Boeing lists workers eligible to vote on union drive

About 3,000 employees eligible for April 22 organizing vote

NORTH CHARLESTON, SOUTH CAROLINA (Reuters) — A machinists union campaign to organize Boeing Co's South Carolina operations began in earnest on Tuesday, as the company turned over a list of about 3,000 employees eligible for an April 22 organizing vote.

Both sides are stepping up efforts to win support using social and traditional media, and one-on-one campaigning in the strongly anti-union state. Boeing is fighting the International Association of Machinists and Aerospace Workers' (IAM) effort to win a landmark victory by representing workers who build the company's 787 airliner.

The union will use the eligibility list to visit homes and "do as much face to face as possible" to discuss the benefits of organization, said Frank Larkin an IAM spokesman.

Boeing aired two new radio ads this week emphasizing the dangers of strikes and the loss of wages that result.

"Do workers really benefit from strikes?" one of the ads asks. "On all of the strike days, workers didn't receive regular wages, unemployment or healthcare and retirement benefits."

The one-minute spots do not mention that workers typically receive support from a union strike fund.

The IAM is running a campaign out of a rented office on a commercial strip in North Charleston about three miles from the Boeing plant.

The union opened the office a year ago to educate Boeing workers about collective bargaining in a state where only about 4 per cent of workers are represented by a union.

Union representatives work phones and hand out black IAM T-shirts and literature. State union leaders, politicians and ministers have signed their support and two plant production workers appear in a pro-union video.

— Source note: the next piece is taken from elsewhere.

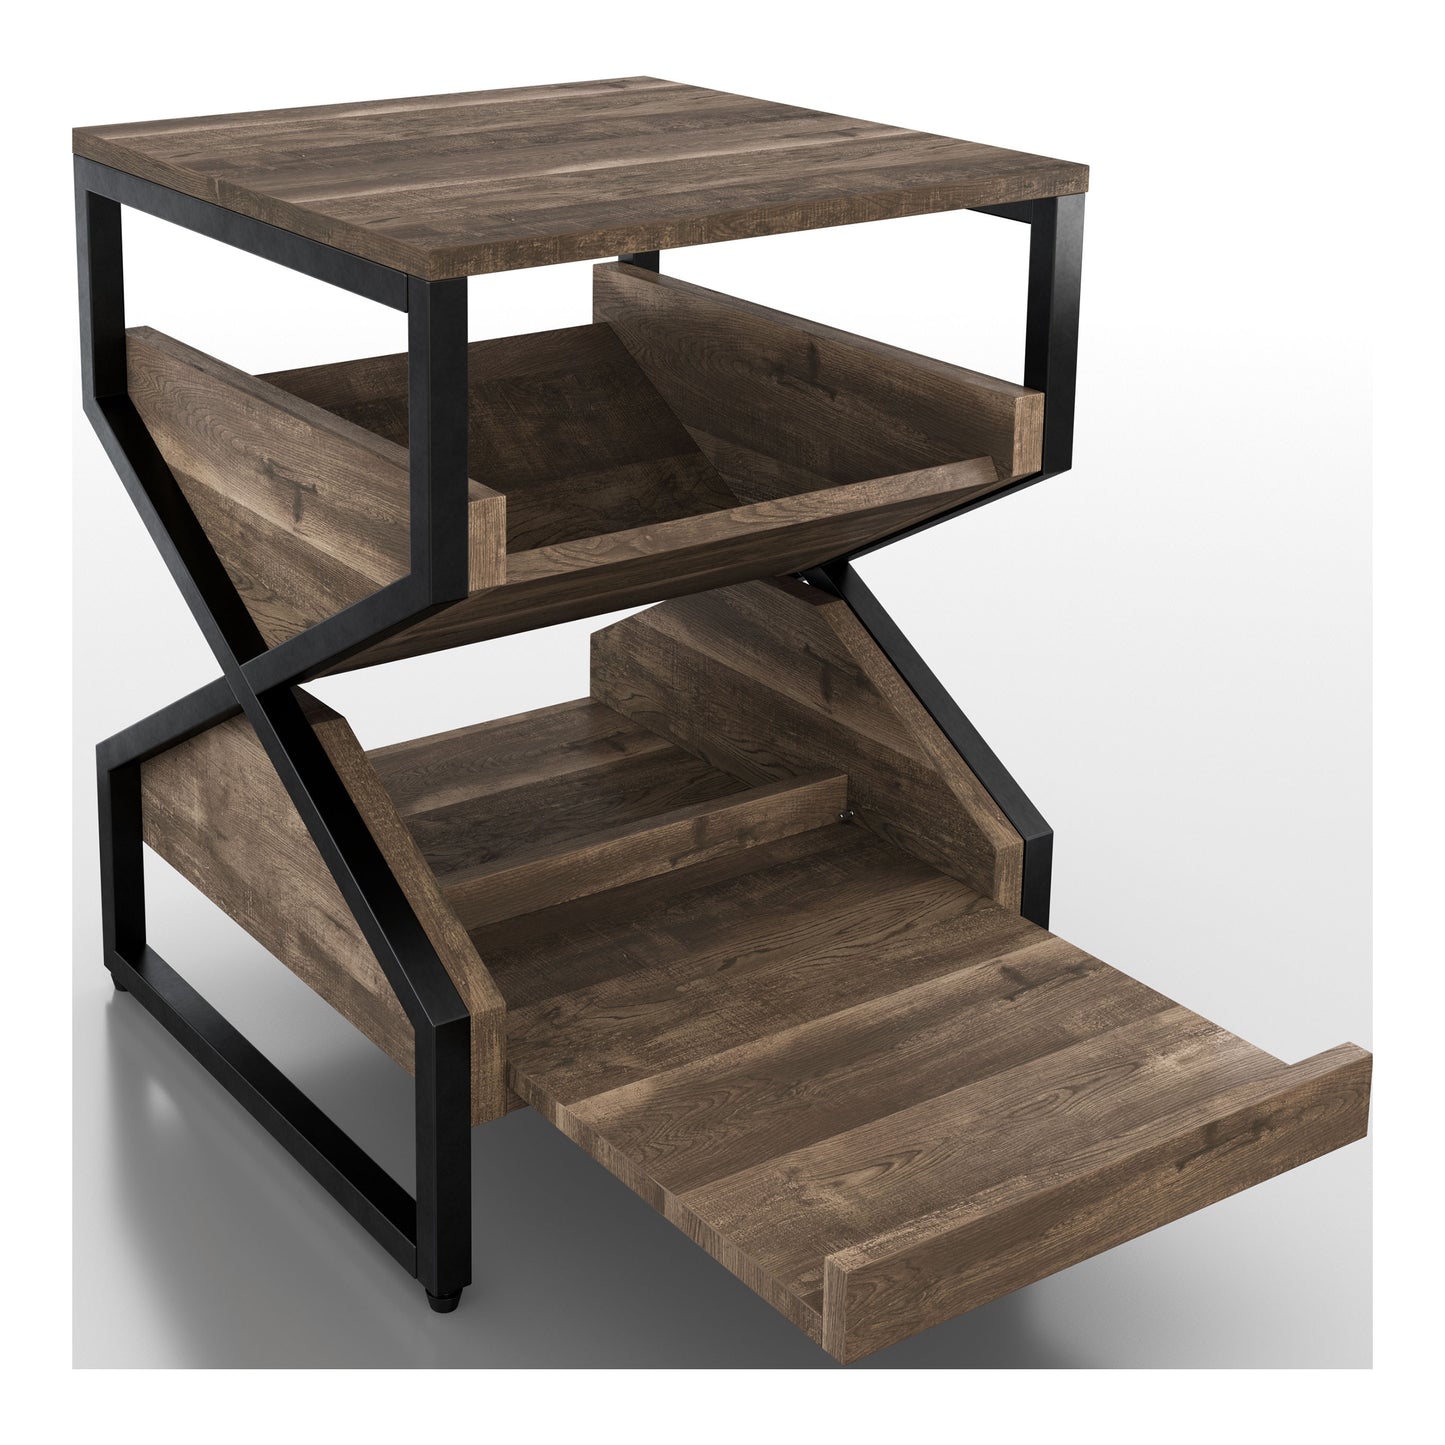 Right angled industrial reclaimed oak end table with a pull-out tray shelf extended on a white background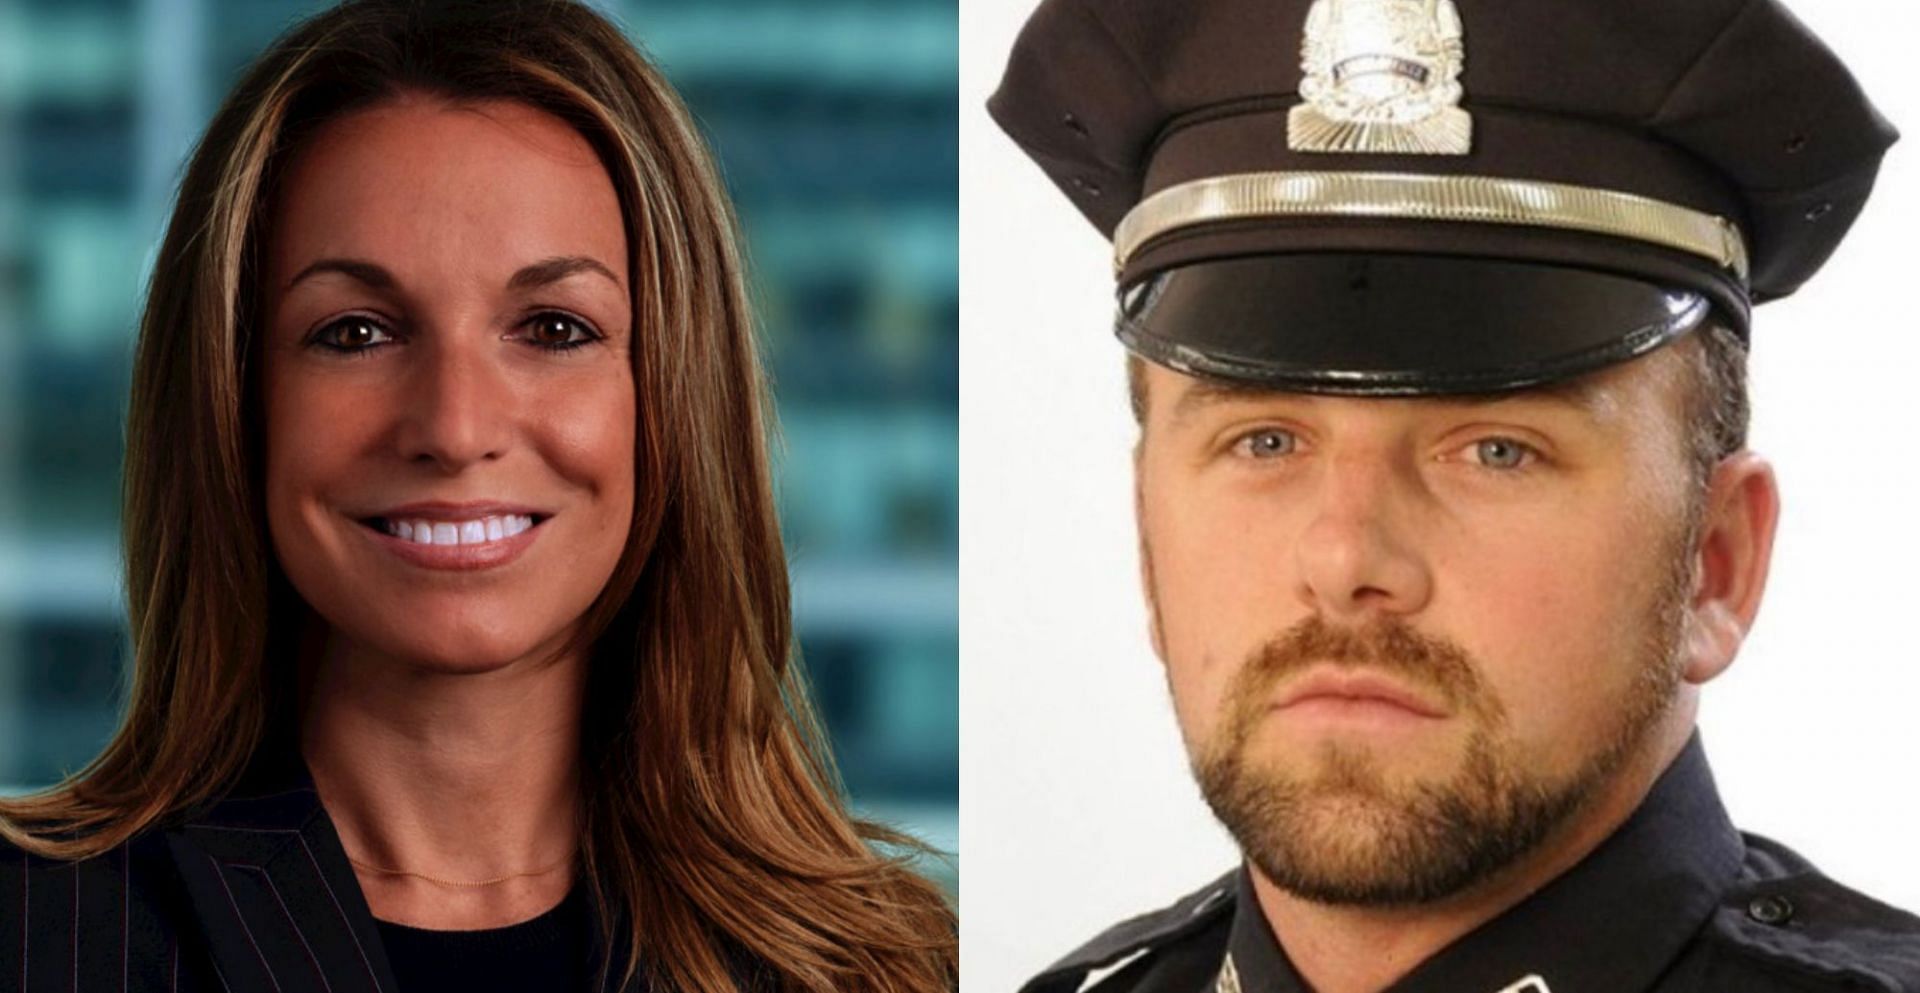 Karen Read has been charged for running over her boyfriend, Boston police officer John O&#039;Keefe (Image via Karen Read/LinkedIn and Boston Police Department)

The IAM's campaign focuses on wages, hours, working conditions and dignity on the job, lead organizer Mike Evans said.

They fear raising safety issues, Evans said. "The message is get it done or there's the door."

Boeing recently began scheduling staggered weekend work and Evans said workers told him they have been receiving small bonuses, ranging from a $25 to $500 Wal-Mart gift card.

"We've said for the past five years that we don't believe a union is in the best interests of our teammates, our business, our community nor our state," Boeing spokeswoman Candy Eslinger said in a statement.

The IAM pulled 129,000 workers out on strike in the last decade and would make "over $1 million a year" from South Carolina employees, company websites show.

Under state laws, workers do not have to join a union, if one is formed, and do not have to pay dues, Gordon Lafer, professor of political science at the University of Oregon, said.

But the union is legally bound to represent all members of the bargaining unit, he said.

"Unions in right-to-work states are the only organizations I know of that are required by law to provide all their services for free but not charge for it," Lafer said. "It's very hard to sustain an organization like that financially."